§ **Work to complete**
Look below for the line that contains "Video of Australian" and the line that contains "Page 156: Jaffa", then restate both of them and every line in between, exactly. No picture goes in the copy.

§ **Record extracts**
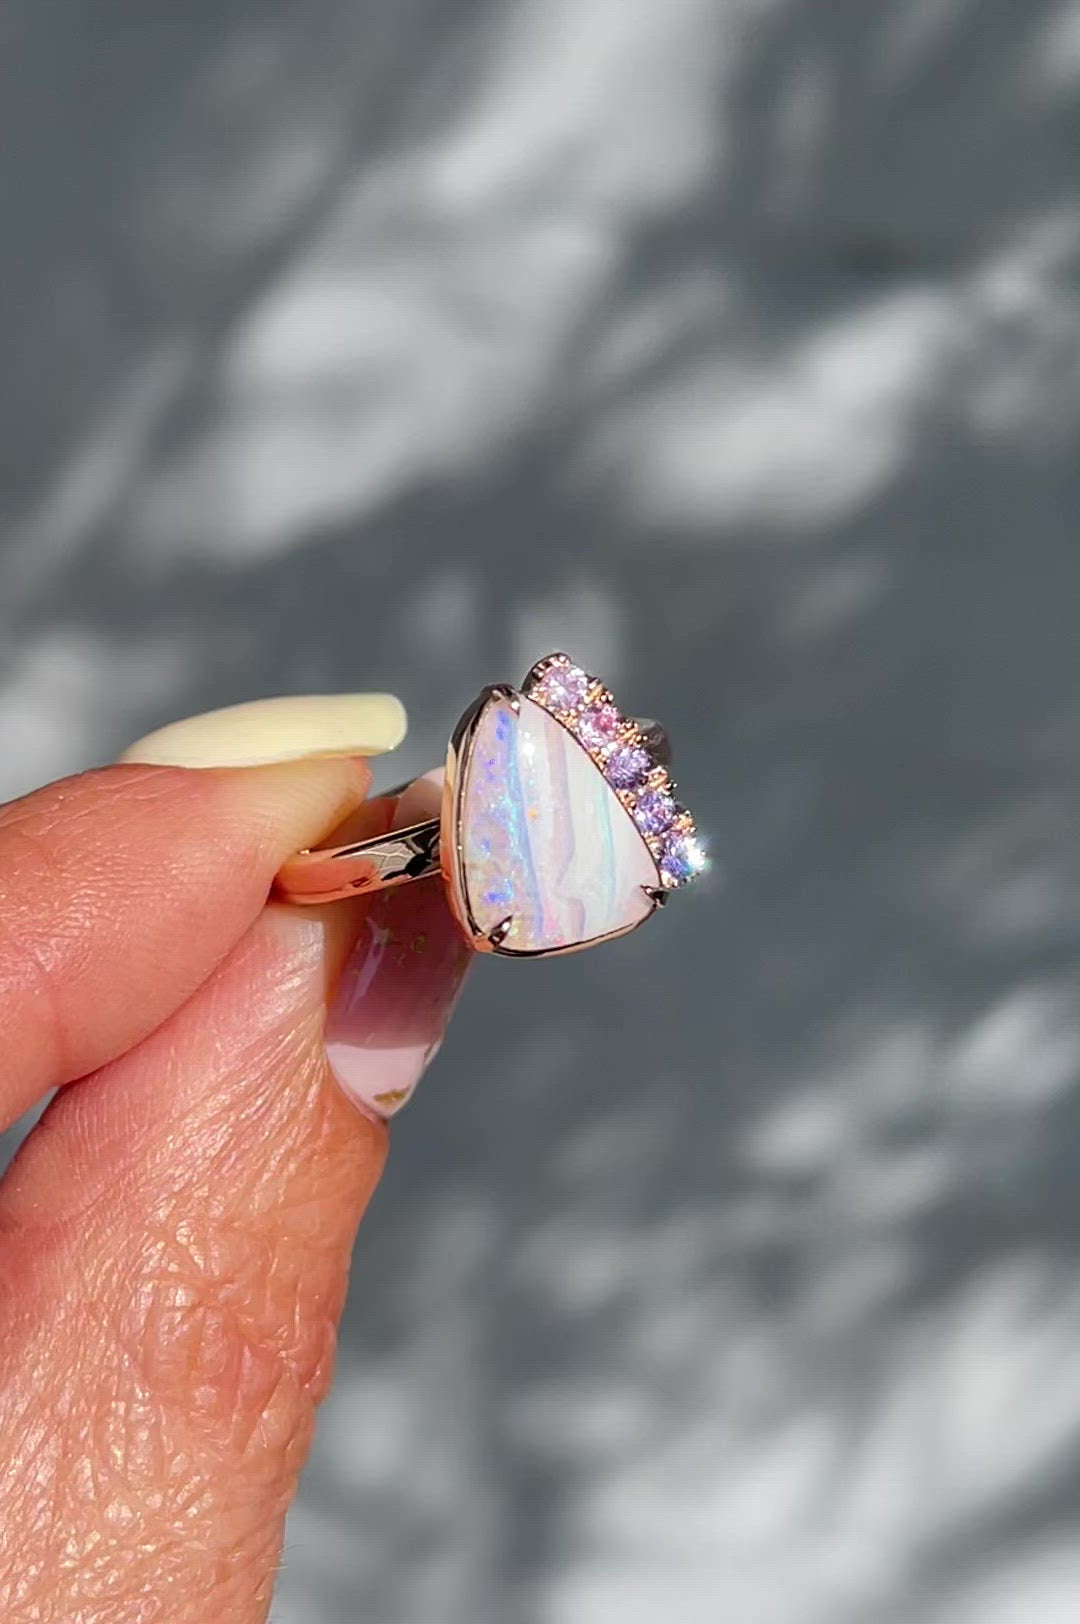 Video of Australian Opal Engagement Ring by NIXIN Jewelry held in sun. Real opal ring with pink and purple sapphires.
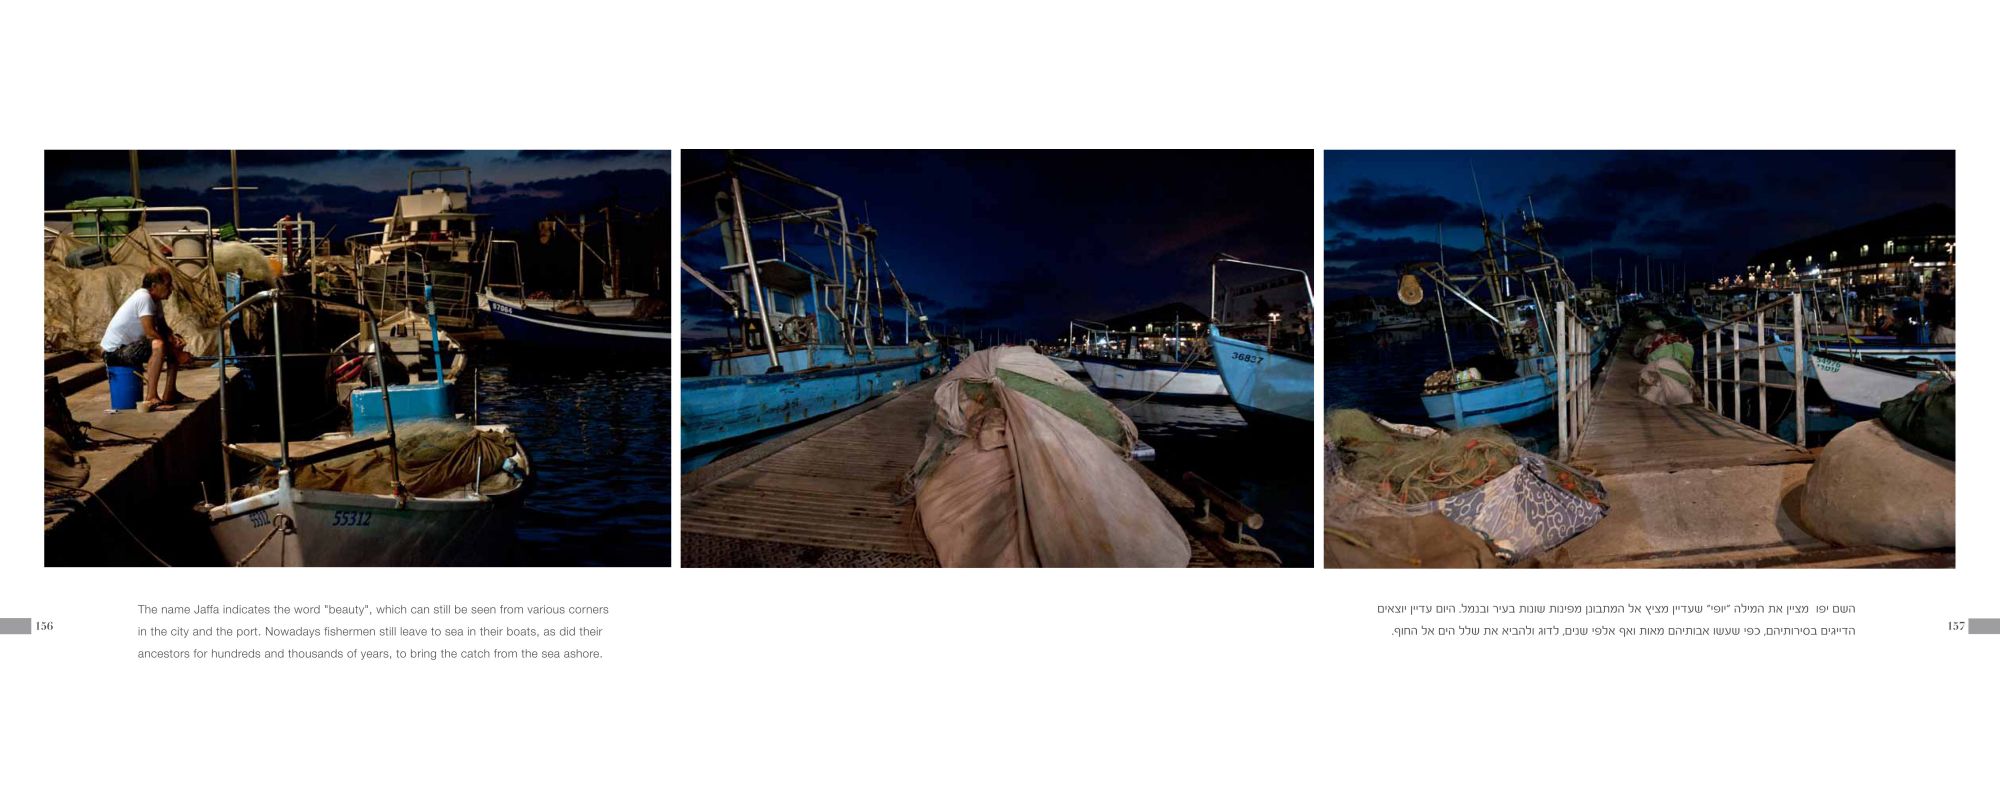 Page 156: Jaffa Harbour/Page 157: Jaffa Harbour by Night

==

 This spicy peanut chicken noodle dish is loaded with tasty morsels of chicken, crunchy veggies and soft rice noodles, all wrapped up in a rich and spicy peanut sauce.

§ **Response for this exercise**
 Video of Australian Opal Engagement Ring by NIXIN Jewelry held in sun. Real opal ring with pink and purple sapphires.
 Page 156: Jaffa Harbour/Page 157: Jaffa Harbour by Night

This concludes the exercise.